How do you map the decline of authority? Of someone who is no longer really an expert and just mailing it in? Can you identify this even if they remain popular? How can you tell if someone is endorsing content based on merit or friendship? Is it what you know or who you know?
Furthermore, you could find that one was popular for the wrong reasons. Would you want to rank someone highly who simply fanned the flames of dissent and created controversy? The tone and type of interaction will be important so sentiment analysis and other processes will need to determine how to use social interaction as a reliable signal.
And how does influence fit into this equation? One can be influential without being popular, but clearly being popular gives you a better chance of being influential just by sheer reach. Can you be influential without being an authority? I think so. Just look at Jenny McCarthy and her influence within the anti-vaccine movement.
The latter clearly strays into the subjective nature of quality, relevance and authority that I touched on after the Panda update. Personalization helps to ensure that your subjective view of authority is reflected back to you. That’s why search results are changed based on who you follow on Google+. And personalization of search results is the most important thing about Google+ in my view.
But in discussing how Google might identify authority and expertise, we’re dealing with the aggregate. So the question isn’t really about your personal view (which is reflected back in Search+ results) but how the aggregate views different figures and authorities.
Of course, being likable is part of the way you can obtain authority. And it is often not what you say, but how you say it (or present it) that gets you noticed. So part of building authority is in ensuring that you can communicate in a way that conveys that expertise but also makes it accessible and … memorable.

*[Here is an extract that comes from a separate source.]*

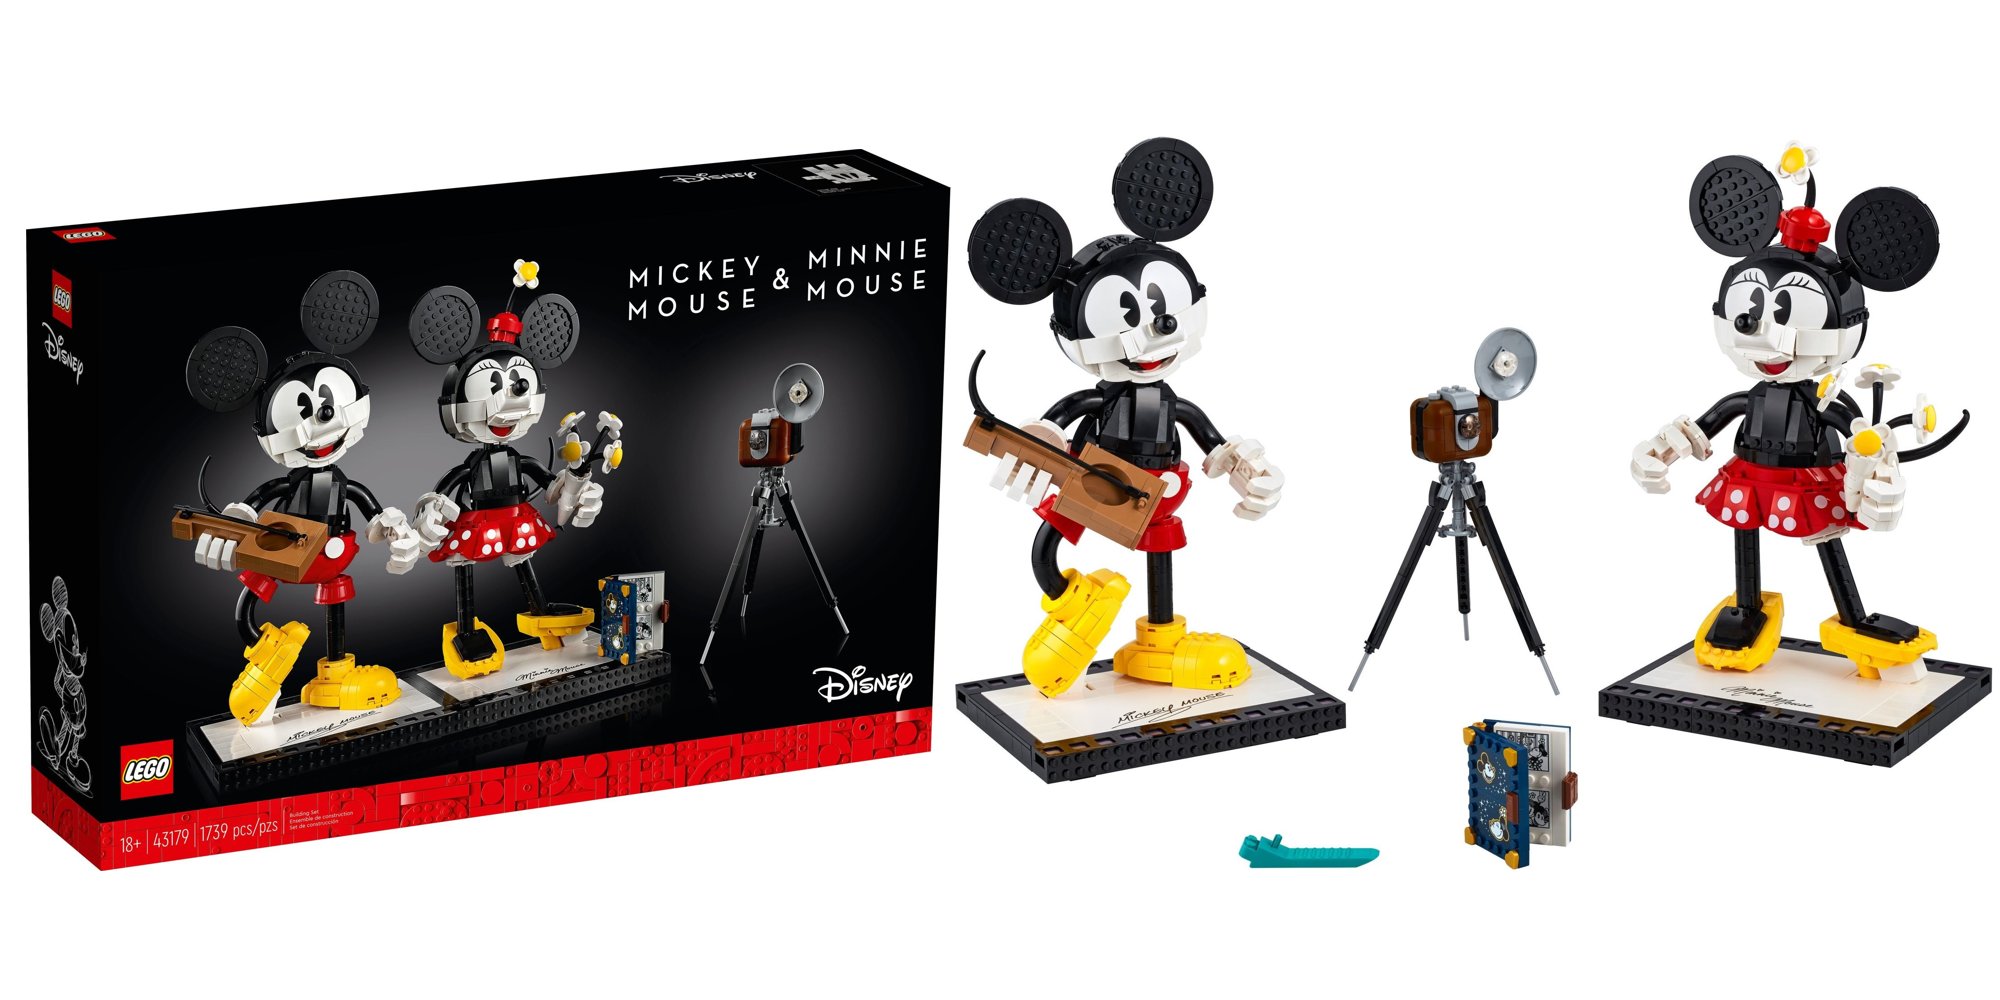 Best LEGO Disney sets - Mickey Mouse and Minnie Mouse

Yes, I see all of this as being related because the same content presented in comic sans without any images or paragraph breaks wouldn’t have nearly the same impact and would not, ultimately, convey authority. Even though the actual words are the same!
I had a similar conversation with Dan Shure where he wondered about the impact of publishing content from Rand Fiskin under somebody else’s name. Would it get as much ‘play’ and be received as well? I doubt it. So what does that say about the connection of authority, popularity and quality assessment?
These are just a few of the things that make this topic so incredible.
I believe Google wants to use Author Rank but I also believe that it’s far more difficult than we think. Focusing solely on Author Rank may blind us to tracking Google’s progress and building what is truly important. Authority.